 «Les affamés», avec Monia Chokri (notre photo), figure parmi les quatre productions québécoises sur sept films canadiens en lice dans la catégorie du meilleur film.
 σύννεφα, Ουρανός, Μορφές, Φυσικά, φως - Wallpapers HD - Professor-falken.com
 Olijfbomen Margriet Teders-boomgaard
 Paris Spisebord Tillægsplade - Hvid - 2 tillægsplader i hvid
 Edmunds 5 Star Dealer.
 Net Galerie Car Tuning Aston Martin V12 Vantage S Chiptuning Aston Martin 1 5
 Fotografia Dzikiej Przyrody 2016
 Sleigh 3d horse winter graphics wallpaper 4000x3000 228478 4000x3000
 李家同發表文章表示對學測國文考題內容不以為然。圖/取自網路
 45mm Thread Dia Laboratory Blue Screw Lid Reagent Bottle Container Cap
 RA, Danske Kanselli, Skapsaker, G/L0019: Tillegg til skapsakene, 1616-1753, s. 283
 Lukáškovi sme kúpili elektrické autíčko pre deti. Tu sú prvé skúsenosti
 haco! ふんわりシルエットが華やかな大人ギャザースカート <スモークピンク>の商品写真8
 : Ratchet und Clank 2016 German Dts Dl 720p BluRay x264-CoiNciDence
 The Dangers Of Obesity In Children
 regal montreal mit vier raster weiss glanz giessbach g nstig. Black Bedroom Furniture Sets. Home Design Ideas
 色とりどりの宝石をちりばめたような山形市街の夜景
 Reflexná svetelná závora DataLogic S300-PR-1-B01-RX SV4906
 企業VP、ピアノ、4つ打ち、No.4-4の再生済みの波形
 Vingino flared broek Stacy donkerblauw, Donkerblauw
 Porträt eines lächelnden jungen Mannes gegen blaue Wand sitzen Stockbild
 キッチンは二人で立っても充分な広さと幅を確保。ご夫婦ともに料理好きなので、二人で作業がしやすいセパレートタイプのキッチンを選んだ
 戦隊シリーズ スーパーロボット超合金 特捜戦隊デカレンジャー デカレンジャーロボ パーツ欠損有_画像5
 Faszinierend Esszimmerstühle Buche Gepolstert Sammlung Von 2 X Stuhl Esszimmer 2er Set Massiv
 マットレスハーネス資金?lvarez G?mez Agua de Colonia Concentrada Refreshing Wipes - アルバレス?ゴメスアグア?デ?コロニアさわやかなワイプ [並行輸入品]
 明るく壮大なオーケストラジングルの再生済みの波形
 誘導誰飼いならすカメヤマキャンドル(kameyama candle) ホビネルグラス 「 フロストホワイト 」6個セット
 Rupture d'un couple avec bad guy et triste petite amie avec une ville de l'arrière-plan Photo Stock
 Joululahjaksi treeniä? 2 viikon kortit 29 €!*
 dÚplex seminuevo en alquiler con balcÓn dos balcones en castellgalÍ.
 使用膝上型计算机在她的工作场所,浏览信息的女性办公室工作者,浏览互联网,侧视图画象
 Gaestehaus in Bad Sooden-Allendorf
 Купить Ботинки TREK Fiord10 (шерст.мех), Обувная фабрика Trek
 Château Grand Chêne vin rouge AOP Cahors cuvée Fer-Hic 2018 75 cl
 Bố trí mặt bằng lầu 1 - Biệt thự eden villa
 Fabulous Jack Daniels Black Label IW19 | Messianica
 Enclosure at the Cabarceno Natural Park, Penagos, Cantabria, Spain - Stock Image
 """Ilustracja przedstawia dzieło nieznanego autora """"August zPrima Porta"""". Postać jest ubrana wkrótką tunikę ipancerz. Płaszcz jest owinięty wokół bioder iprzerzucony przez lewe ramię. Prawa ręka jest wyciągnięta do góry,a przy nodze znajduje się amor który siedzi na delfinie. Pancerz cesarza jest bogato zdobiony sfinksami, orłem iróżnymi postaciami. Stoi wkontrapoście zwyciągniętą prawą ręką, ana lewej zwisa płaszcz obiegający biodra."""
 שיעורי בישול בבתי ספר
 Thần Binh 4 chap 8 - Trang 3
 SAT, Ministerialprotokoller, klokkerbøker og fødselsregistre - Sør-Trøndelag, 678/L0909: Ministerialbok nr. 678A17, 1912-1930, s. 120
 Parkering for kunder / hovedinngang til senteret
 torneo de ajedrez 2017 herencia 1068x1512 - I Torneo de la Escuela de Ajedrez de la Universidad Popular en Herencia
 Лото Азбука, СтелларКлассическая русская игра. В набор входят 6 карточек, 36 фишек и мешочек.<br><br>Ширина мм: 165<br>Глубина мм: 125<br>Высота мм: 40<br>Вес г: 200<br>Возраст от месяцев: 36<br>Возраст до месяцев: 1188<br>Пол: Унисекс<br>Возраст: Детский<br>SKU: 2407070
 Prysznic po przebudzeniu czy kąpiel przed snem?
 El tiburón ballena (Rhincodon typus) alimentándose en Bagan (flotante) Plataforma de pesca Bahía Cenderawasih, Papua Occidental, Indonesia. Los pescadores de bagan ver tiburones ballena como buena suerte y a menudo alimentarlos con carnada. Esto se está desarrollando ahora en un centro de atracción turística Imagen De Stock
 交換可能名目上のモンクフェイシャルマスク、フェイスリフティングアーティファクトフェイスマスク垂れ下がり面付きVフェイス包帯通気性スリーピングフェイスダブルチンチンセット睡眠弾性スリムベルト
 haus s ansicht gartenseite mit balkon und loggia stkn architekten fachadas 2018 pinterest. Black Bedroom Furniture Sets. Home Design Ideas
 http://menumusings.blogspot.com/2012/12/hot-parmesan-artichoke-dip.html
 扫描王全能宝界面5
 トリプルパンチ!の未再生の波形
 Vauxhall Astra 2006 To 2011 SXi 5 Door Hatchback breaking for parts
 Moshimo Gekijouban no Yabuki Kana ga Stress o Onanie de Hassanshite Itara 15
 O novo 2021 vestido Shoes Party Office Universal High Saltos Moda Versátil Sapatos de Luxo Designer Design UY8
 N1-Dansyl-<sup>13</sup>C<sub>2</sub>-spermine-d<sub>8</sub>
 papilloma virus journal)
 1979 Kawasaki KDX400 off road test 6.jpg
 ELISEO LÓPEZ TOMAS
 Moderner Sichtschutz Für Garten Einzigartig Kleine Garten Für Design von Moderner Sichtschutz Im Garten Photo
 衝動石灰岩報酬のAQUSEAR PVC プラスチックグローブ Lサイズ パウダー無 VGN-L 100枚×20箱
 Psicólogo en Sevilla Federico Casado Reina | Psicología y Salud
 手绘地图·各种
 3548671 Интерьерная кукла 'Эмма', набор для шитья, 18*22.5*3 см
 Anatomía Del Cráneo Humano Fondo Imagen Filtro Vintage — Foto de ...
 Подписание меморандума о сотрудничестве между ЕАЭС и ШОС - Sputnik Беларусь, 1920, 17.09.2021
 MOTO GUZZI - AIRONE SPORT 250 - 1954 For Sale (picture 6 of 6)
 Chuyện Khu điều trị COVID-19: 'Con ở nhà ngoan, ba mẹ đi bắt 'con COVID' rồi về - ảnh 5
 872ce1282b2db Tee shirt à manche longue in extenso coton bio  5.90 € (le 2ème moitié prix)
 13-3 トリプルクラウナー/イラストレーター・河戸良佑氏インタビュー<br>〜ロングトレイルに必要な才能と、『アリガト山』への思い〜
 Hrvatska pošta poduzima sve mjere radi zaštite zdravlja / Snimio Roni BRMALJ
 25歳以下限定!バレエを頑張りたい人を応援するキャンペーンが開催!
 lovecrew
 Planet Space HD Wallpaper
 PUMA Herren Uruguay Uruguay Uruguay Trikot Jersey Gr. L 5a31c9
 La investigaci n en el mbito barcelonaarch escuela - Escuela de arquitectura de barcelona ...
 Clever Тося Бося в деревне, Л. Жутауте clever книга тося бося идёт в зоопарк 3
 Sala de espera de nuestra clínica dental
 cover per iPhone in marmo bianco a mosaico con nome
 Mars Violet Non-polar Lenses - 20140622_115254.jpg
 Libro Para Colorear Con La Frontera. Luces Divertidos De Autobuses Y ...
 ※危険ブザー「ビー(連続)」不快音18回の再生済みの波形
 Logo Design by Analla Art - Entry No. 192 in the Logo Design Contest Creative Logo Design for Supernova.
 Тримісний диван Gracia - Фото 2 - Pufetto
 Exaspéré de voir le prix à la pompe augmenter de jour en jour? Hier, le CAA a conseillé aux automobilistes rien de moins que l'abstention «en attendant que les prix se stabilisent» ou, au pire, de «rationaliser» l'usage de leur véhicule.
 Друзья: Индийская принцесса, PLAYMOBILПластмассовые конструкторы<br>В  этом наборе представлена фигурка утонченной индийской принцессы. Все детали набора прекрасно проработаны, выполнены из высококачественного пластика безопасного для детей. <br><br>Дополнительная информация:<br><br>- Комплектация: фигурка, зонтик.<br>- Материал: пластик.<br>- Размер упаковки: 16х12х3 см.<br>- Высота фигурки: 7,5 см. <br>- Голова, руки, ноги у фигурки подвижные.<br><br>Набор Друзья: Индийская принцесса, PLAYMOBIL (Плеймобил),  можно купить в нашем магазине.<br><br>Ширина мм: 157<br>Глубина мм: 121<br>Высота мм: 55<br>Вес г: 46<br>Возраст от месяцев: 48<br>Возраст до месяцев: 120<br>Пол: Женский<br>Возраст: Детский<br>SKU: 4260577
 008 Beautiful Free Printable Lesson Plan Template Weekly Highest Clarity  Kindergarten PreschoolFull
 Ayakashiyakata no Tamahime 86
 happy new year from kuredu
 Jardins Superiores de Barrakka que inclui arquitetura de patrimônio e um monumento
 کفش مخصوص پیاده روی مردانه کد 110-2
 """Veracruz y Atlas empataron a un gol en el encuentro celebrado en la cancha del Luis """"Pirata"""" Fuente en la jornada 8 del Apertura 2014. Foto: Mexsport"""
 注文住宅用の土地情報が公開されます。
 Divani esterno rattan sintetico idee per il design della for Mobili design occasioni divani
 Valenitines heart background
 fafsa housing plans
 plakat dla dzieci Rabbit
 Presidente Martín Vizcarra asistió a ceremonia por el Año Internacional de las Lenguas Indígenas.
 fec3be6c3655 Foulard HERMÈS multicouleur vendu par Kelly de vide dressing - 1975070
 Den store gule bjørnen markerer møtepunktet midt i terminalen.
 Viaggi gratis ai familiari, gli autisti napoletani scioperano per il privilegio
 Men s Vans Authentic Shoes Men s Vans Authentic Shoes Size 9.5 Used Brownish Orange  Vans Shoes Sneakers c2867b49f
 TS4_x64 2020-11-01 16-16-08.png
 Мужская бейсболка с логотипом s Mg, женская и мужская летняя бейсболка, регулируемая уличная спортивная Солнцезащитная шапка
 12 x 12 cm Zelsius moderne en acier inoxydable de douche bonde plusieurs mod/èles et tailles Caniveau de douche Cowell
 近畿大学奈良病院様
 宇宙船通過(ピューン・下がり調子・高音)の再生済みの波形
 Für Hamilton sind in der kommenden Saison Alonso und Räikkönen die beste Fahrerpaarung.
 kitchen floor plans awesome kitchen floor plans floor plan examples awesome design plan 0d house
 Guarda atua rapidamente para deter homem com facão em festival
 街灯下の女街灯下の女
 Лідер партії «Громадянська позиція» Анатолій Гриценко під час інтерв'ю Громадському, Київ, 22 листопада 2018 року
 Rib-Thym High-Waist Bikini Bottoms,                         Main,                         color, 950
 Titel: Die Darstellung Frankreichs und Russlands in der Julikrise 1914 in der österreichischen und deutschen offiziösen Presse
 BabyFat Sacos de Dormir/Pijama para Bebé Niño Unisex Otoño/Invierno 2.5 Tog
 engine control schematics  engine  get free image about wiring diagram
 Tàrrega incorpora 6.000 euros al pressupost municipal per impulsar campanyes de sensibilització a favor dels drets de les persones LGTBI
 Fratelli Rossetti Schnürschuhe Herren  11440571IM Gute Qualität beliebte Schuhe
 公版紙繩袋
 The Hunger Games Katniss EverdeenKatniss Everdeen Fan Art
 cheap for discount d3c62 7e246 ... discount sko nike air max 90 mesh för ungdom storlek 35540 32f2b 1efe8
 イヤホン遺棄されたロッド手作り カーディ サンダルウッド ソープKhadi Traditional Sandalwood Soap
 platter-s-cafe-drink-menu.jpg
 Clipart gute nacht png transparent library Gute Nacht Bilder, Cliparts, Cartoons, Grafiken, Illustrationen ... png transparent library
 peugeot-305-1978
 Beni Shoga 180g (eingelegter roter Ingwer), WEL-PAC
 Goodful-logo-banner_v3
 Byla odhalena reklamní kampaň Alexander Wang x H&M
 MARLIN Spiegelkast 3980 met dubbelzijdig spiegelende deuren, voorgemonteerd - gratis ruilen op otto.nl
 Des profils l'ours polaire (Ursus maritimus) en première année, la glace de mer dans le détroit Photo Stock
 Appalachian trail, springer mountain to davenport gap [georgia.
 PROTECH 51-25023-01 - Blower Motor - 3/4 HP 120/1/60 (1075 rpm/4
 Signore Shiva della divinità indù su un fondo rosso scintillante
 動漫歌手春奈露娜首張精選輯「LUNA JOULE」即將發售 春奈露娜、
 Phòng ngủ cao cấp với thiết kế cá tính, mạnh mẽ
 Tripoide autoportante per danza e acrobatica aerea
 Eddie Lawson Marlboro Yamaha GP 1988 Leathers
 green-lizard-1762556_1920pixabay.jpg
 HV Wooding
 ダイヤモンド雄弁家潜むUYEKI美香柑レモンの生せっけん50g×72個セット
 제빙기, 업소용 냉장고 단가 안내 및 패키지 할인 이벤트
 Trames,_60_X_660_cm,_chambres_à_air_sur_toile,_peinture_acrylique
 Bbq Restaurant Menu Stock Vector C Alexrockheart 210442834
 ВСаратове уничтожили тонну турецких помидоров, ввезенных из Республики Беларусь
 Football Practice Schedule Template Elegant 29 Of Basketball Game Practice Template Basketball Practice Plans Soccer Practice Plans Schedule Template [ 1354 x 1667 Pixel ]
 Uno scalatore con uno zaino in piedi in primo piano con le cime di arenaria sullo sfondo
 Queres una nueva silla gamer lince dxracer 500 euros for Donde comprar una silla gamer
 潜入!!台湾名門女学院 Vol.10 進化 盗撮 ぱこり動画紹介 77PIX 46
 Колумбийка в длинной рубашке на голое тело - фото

# # # # # # #

**What you need to do**.
What is needed is a word-for-word copy of the records above, from the first line through the line that contains "Sleigh 3d horse".

**Expected answer**.
 «Les affamés», avec Monia Chokri (notre photo), figure parmi les quatre productions québécoises sur sept films canadiens en lice dans la catégorie du meilleur film.
 σύννεφα, Ουρανός, Μορφές, Φυσικά, φως - Wallpapers HD - Professor-falken.com
 Olijfbomen Margriet Teders-boomgaard
 Paris Spisebord Tillægsplade - Hvid - 2 tillægsplader i hvid
 Edmunds 5 Star Dealer.
 Net Galerie Car Tuning Aston Martin V12 Vantage S Chiptuning Aston Martin 1 5
 Fotografia Dzikiej Przyrody 2016
 Sleigh 3d horse winter graphics wallpaper 4000x3000 228478 4000x3000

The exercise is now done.